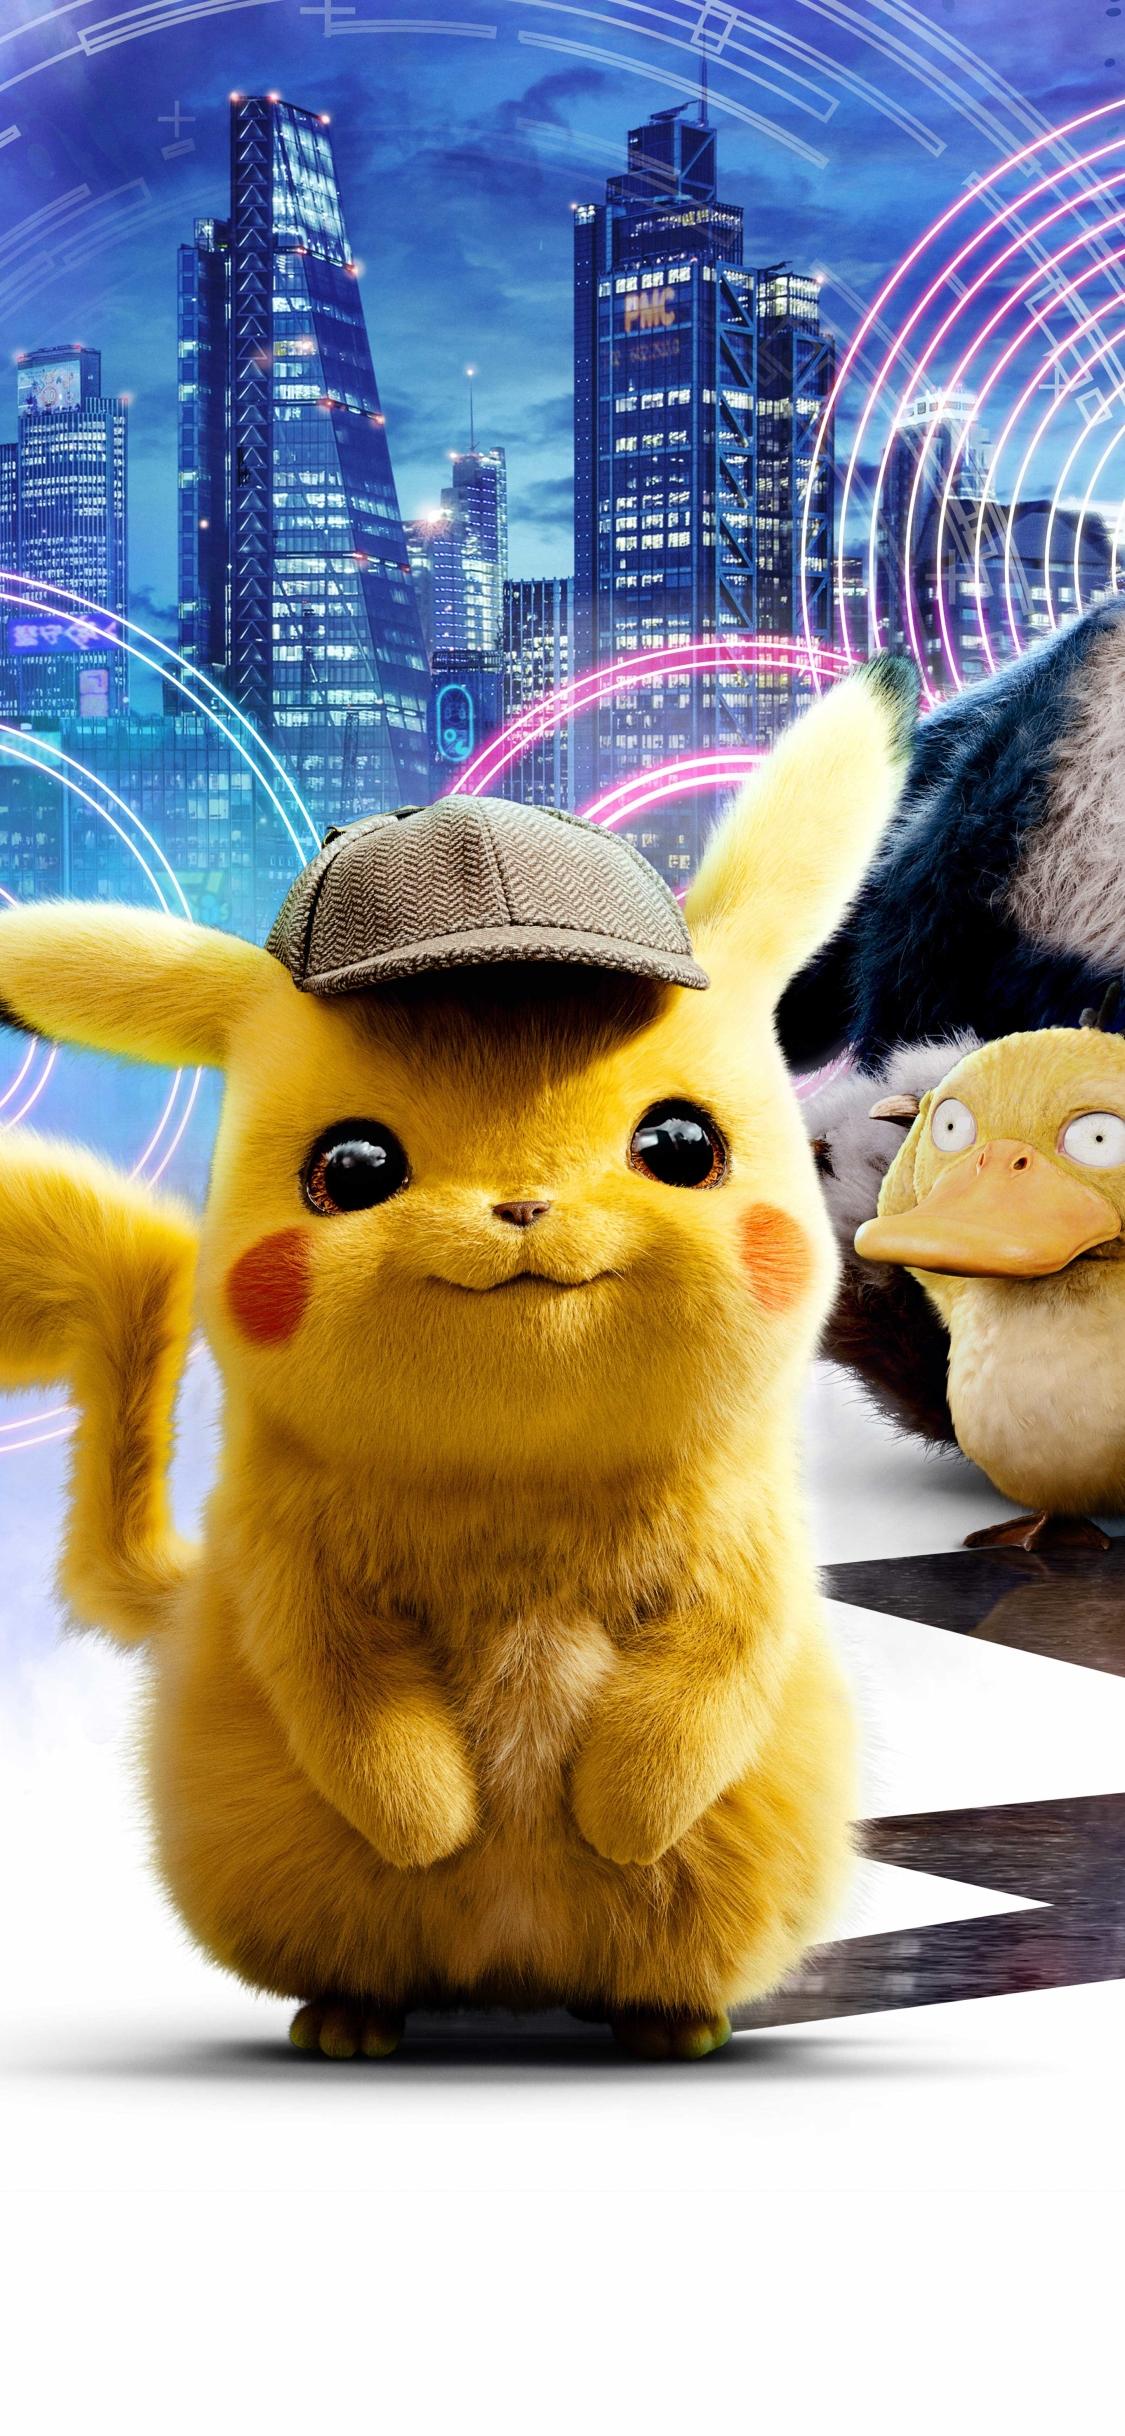 Iphone Pikachu Wallpaper Hd 1125x2436 Download Hd Wallpaper Wallpapertip
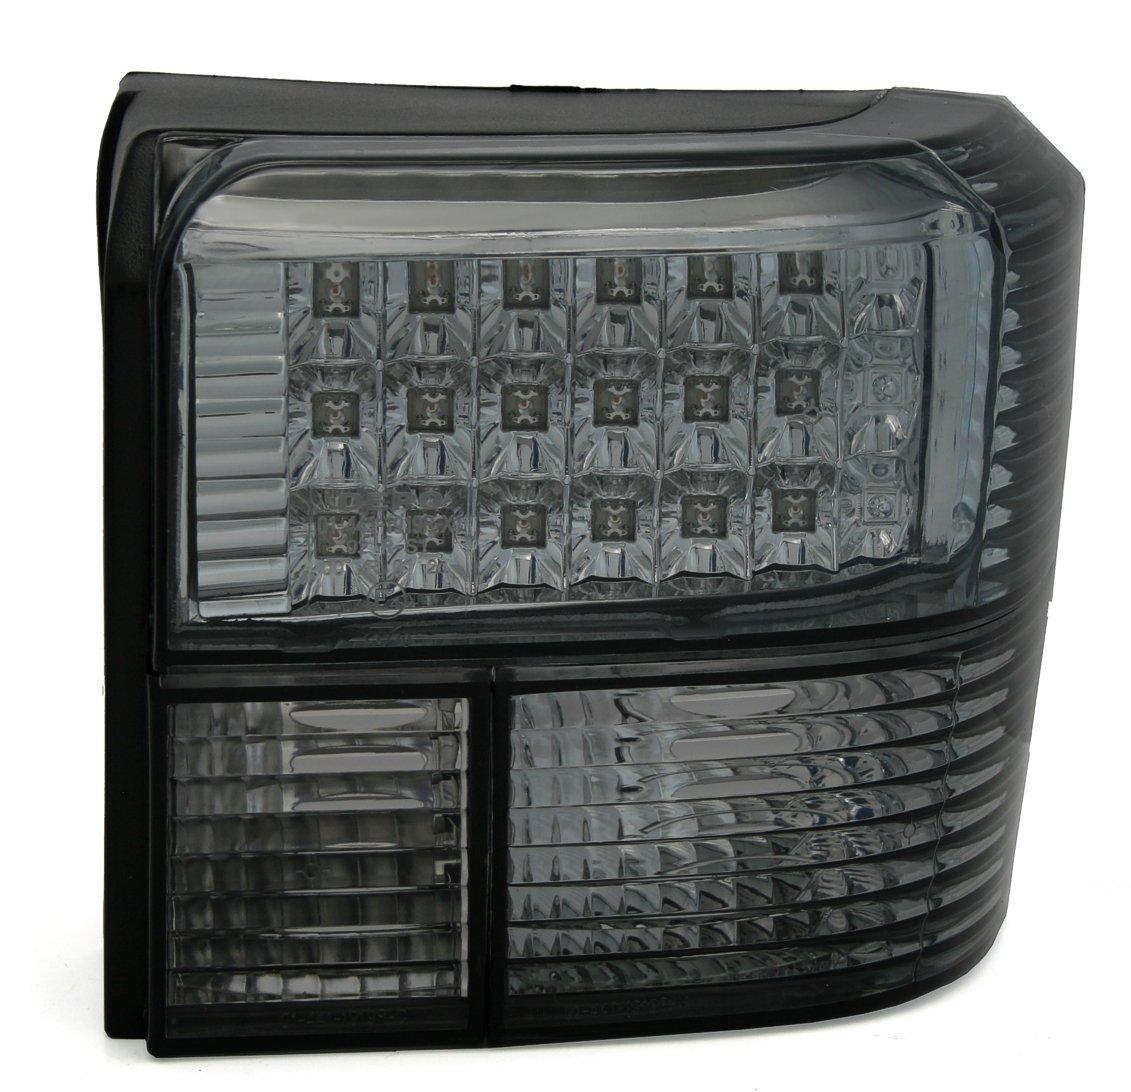 Vetro Trasparente Nero AD Tuning GmbH /& Co KG 960423/Kit Luci Posteriori a LED
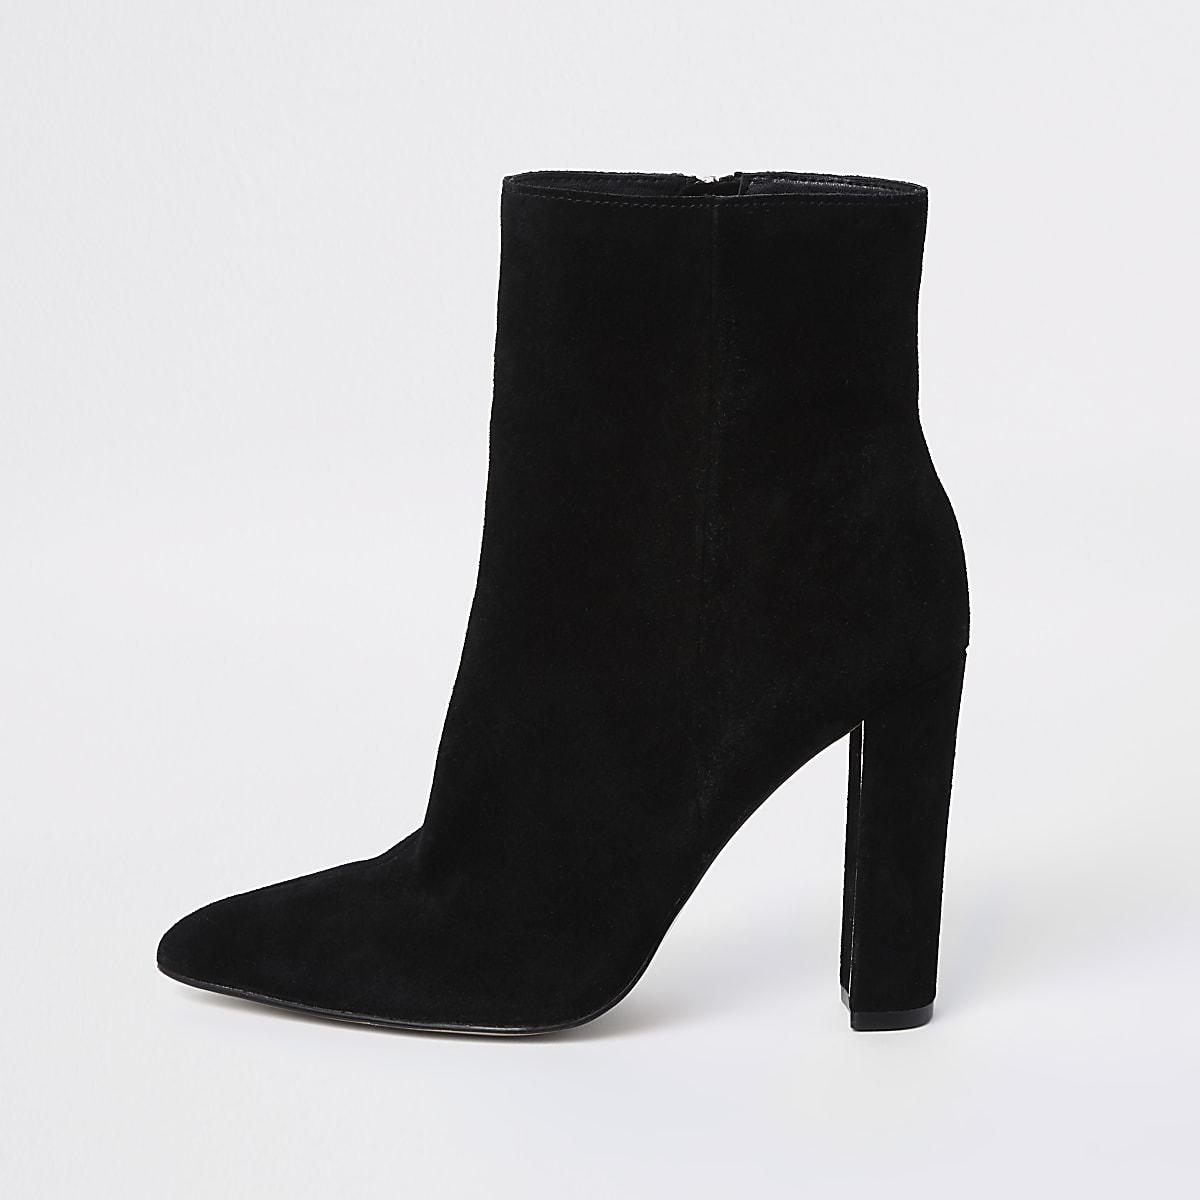 Black suede pointed toe block heel boot

**DIRECTIONS FOR THIS TASK**
From the line containing "Vetro Trasparente Nero" down to the final line of the material, restate every line word for word, and only those; drop the pictures.

**OUTPUT OF THE TASK**
 Vetro Trasparente Nero AD Tuning GmbH /& Co KG 960423/Kit Luci Posteriori a LED
 Black suede pointed toe block heel boot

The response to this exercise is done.